# Noise silencer for your hitch...



## richg99 (Nov 14, 2016)

My 2x2-inch draw-bar has been rattling around in the hitch opening since I bought it. When I started up or stopped, a BANG would often be heard.

For a while, I quieted it down by driving some wooden wedges in. They, of course, worked their way out and the rattling began again.

A friend of mine told me about his welded adaptation of a readily available silencer. He brought one over this morning and we installed it. It appears that my hauling will be near silent from now on.

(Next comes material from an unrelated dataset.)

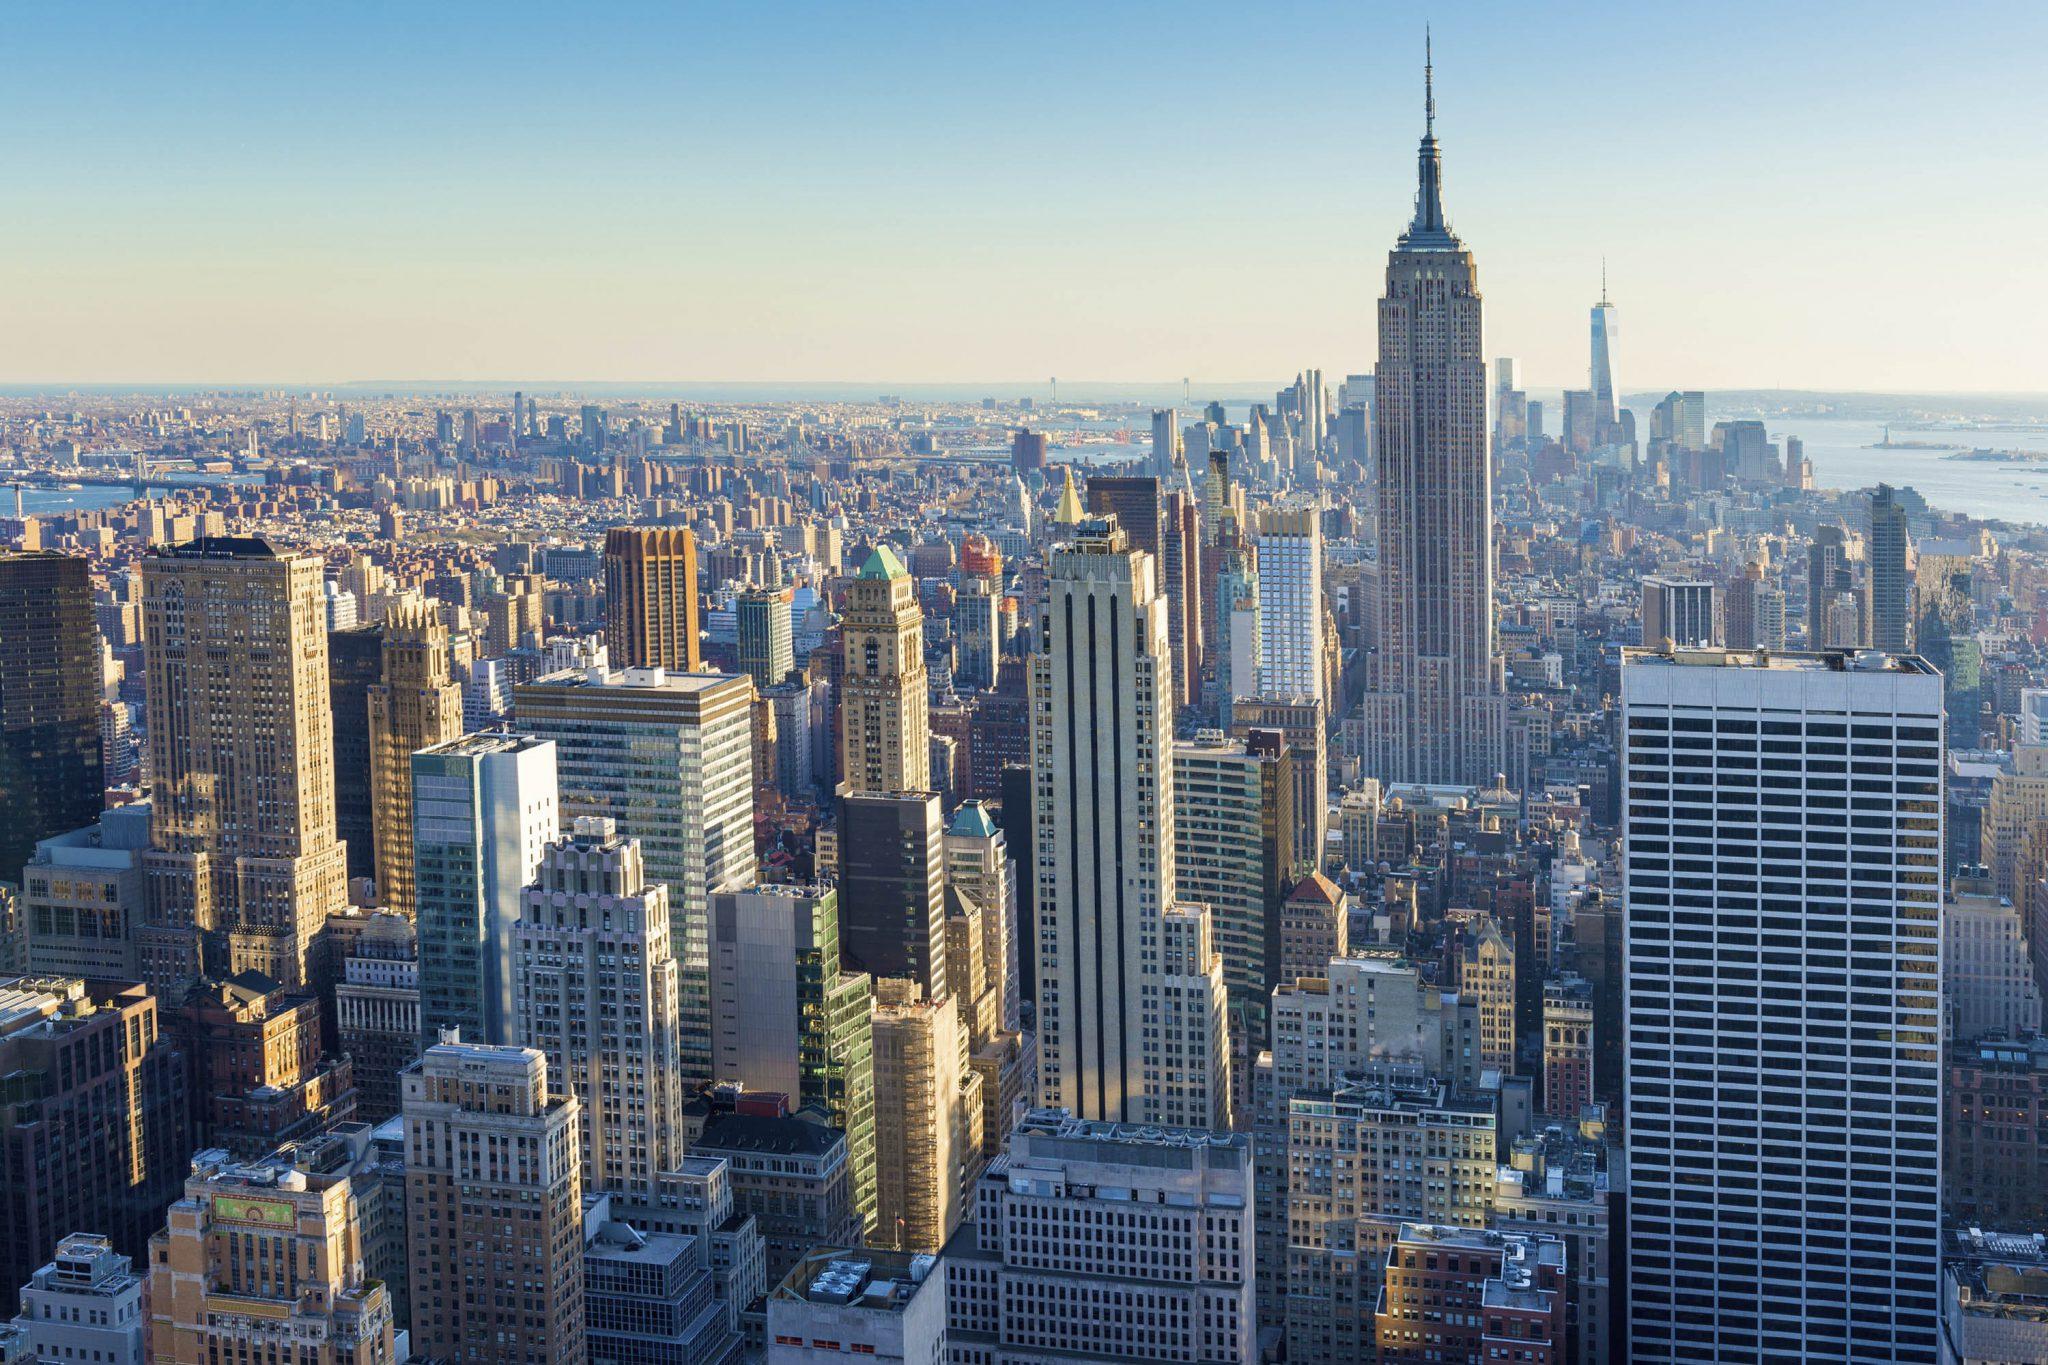 JetBlue planira da pokrene low cost letove između Evrope i SAD

Here is a LINK to a commercial one.

https://smile.amazon.com/Tightener-Bracket-Wobble-Carrier-Rattle/dp/B01M63D7KS/ref=sr_1_fkmr1_2?ie=UTF8&qid=1479148079&sr=8-2-fkmr1&keywords=noise+silencer+for+hitch


----------



## crazymanme2 (Nov 14, 2016)

Pull receiver out, put a couple tack welds on 2 sides grind till fits & snug.


----------



## richg99 (Nov 14, 2016)

not everyone has a welder


----------



## Ebug (Nov 14, 2016)

Rich, Amazon can always tell when I read your post because I place an order for something cool.
I just heard the noise you mentioned yesterday on the way to the lake. I know what causes it but I never remember when I am home to resolve it.
That won't be a problem again in 2 days. LOL.
Rob 

Coming to you from planet Earth.


----------



## richg99 (Nov 14, 2016)

Guess I should own some AMZN stock.


----------



## richg99 (Nov 14, 2016)

Incidentally, I mounted mine upside down. The extended bolts would have scraped the driveway.


----------



## richg99 (Nov 14, 2016)

Also, if you need to remove and replace the silencer often, then I wouldn't use Nylock nuts. Regular nuts with lock washers should hold up better for constant removal. richg99


----------



## turbotodd (Nov 14, 2016)

Lot of guys leave the hitch in the receiver full time. The ball mount-and receiver-wear. When it wears, it gets loose and rattles. Also the pins that are just bent over, if left in, they'll "egg" the hole out pretty good. Drill the hole to the next common size (5/8 or 3/4) and insert a bolt, tighten it up good and your rattle will disappear-unless it's really worn. Then you can put a band aid on it.


----------



## richg99 (Nov 15, 2016)

Good advice. Now that I have put the silencer on, there won't be any further wear on that hole or the shaft. Wish I knew about it years ago. Rich


----------



## RiverBottomOutdoors (Nov 15, 2016)

Just turn your radio up a little more.


----------



## Johnny (Nov 15, 2016)

I had a neighbor that was a landscaper. when he drove by my house,
I could hear the bang-clang of the trailer hitch.
while we were talking about welding a rack on the trailer for some of his equipment,
I mentioned the bang-clang and I thought something was not right.
he said it had always made that sound since he got the trailer 6 months earlier.
upon investigation, I found that he had a 1-7/8" ball on his truck and a 2" coupler
on the trailer....................... thus the noise. it's a wonder it never came off.
I know 99.99% of us here have the correct marriage of parts, but - - - - -


----------



## richg99 (Nov 15, 2016)

Man....his banging must have been fierce. My rattle was insignificant compared to what you heard. 99% of the balls and couplers that I have used have been 2 inch. But, you never know when you buy a used boat.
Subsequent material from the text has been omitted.